Translated with the sanction of the author by William Purdie Dickson
The Euphrates Crossed
Accordingly (701) the Euphrates was crossed (near Biradjik). To reach the Tigris from this point they had the choice of two routes; either the army might move downward along the Euphrates to the latitude of Seleucia where the Euphrates and Tigris are only a few miles distant from each other; or they might immediately after crossing take the shortest line to the Tigris right across the great Mesopotamian desert. The former route led directly to the Parthian capital Ctesiphon, which lay opposite Seleucia on the other bank of the Tigris; several weighty voices were raised in favour of this route in the Roman council of war; in particular the quaestor Gaius Cassius pointed to the difficulties of the march in the desert, and to the suspicious reports arriving from the Roman garrisons on the left bank of the Euphrates as to the Parthian warlike preparations.

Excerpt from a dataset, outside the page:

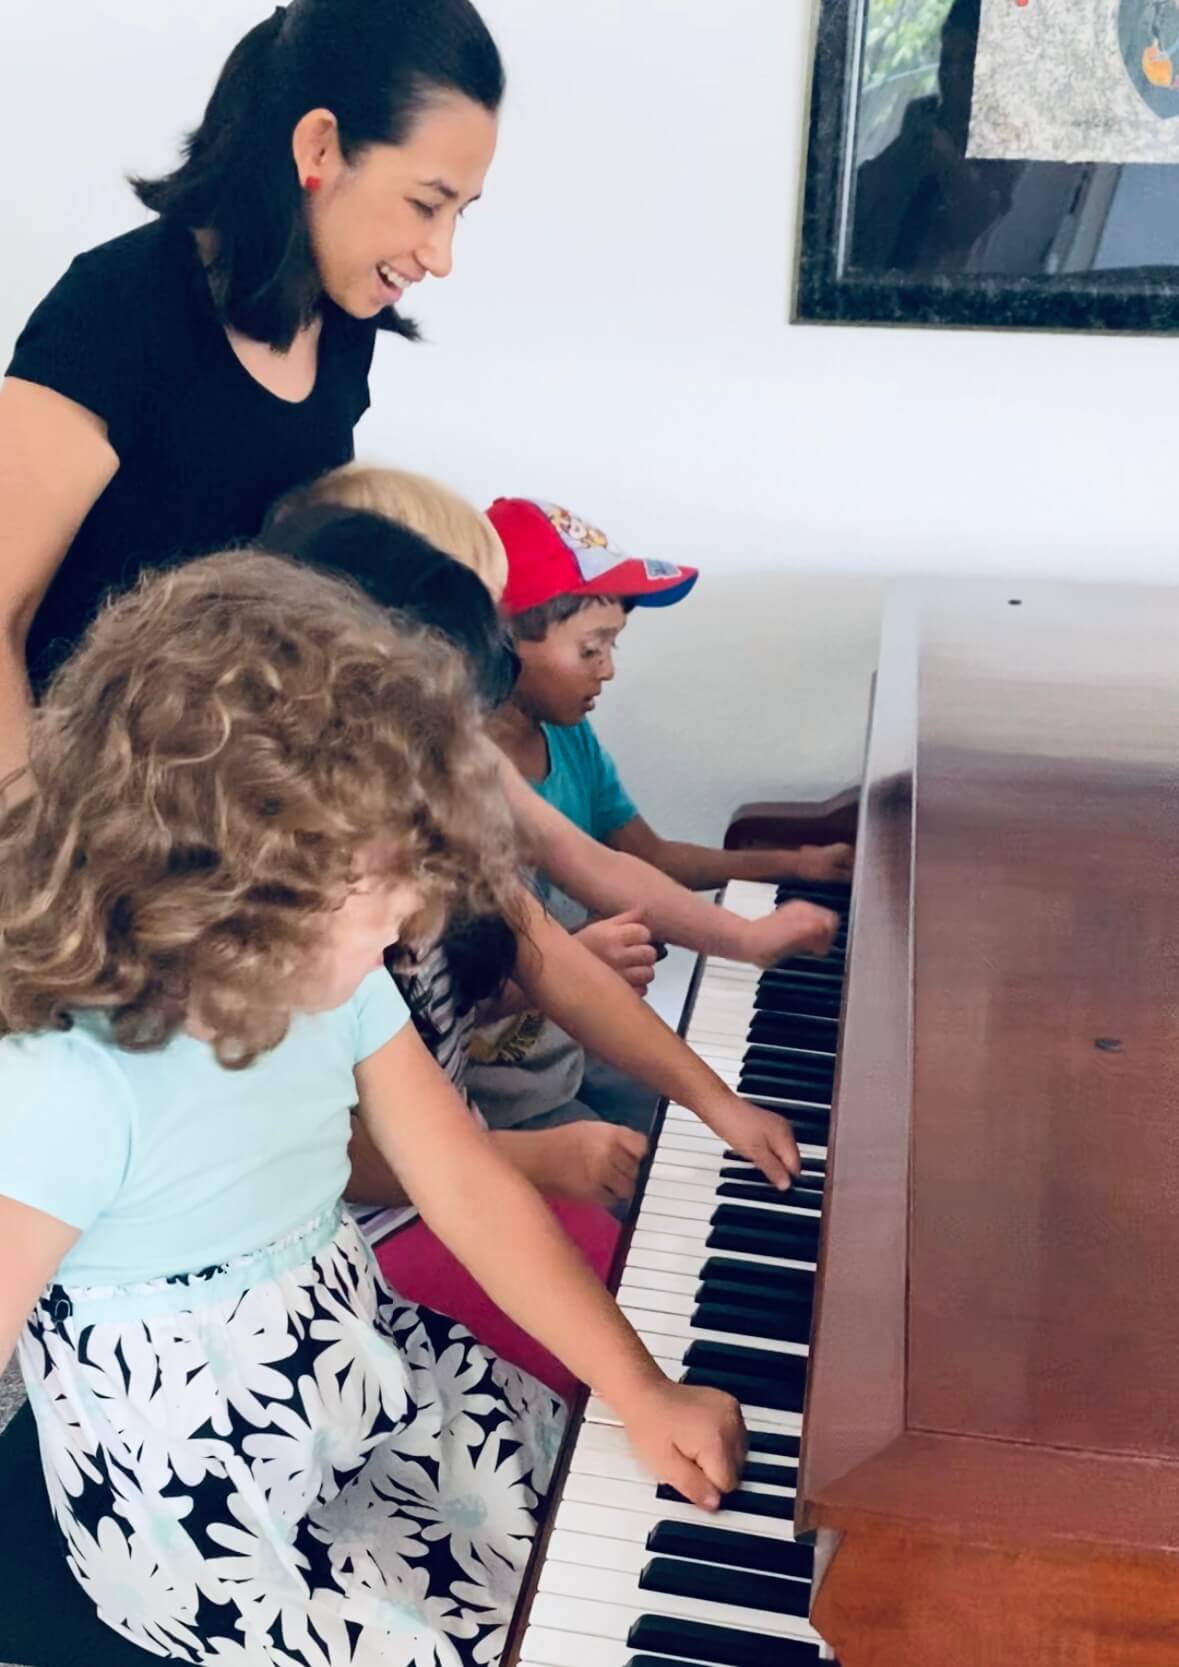 <img src="Engaging-preschool-group-piano-lessons-1.jpeg" alt="Children exploring piano keys while playing. ">
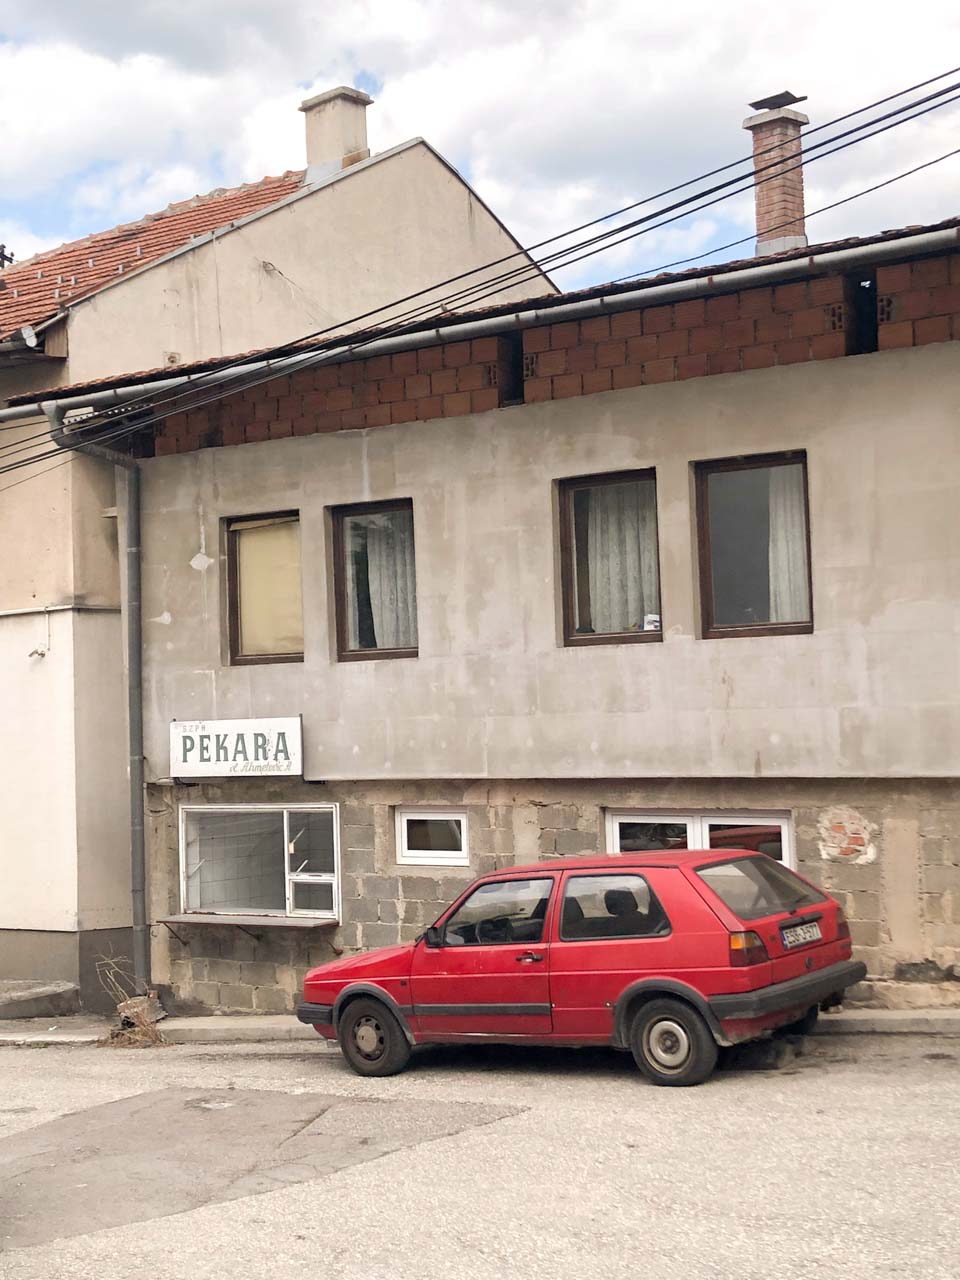 An old red car parked outside a bakery in Sarajevo

But in opposition to this the Arab prince Abgarus announced that the Parthians were employed in evacuating their western provinces. They had already packed up their treasures and put themselves in motion to flee to the Hyrcanians and Scythians; only through a forced march by the shortest route was it at all possible still to reach them; but by such a march the Romans would probably succeed in overtaking and cutting up at least the rear-guard of the great army under Sillaces and the vizier, and obtaining enormous spoil. These reports of the friendly Bedouins decided the direction of the march; the Roman army, consisting of seven legions, 4000 cavalry, and 4000 slingers and archers, turned off from the Euphrates and away into the inhospitable plains of northern Mesopotamia.